Effects of oxysterols on membrane properties

Oxysterols migrate better than cholesterol through cell membranes and increase water penetration of the bilayer [92]. The initial increase of oxysterol levels with a subsequent decrease could be due to chemical cascade reactions in which hydrophobic cholesterol molecules are oxidised to less hydrophobic oxysterols. These oxysterols will potentially change the permeability of membranes [113,114]. The exchange of molecules between the aqueous humour and the lens [115] provides another potential mechanism by which the lens could clear some IR-induced oxysterols. Dietary anti-oxidants such as α-tocopherol, ascorbic acid and vitamin A as well as the endogenous lenticular glutathione [53,[116], [117], [118]] are all potential chemical antioxidants in the eye lens. Why then should the lens cortex be more sensitive to IR than the nucleus (Fig. 6) is interesting and it resonates with the epidemiological data that reports posterior subcapsular cataracts (PSC) in the lens cortex of IR-exposed individuals [119,120] and also in irradiated mice 18 months after IR exposure [121]. Epidemiological studies show occupational workers exposed to IR can also develop cataract after chronic exposure later in their lifetime [122]. Further studies are needed to evidence how IR dose rate may affect the formation and retention of oxysterols given has been shown to influence lens outcomes [123].
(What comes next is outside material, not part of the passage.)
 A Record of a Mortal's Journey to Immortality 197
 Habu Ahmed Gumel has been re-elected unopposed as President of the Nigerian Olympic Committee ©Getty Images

Our study shows that IR can potentially contribute to the cataractogenic load [10] upon the lens by cholesterol oxidation. A better understanding of the mechanism through which IR-induced cataract formation occurs will enable the radiation protection community to develop better dosimetry, refine the occupational exposure threshold to devise future treatment/protection protocols for individuals exposed to high doses such as radiotherapy patients and clean-up workers compared to those with chronic exposures during prolonged periods in their lifetime e.g. healthcare professionals, astronauts, air crew and energy industry workers.

Declaration of Competing Interests

The authors declare that they have no known competing financial interests or personal relationships that could have appeared to influence the work reported in this paper.

Data Availability

• Data will be made available on request.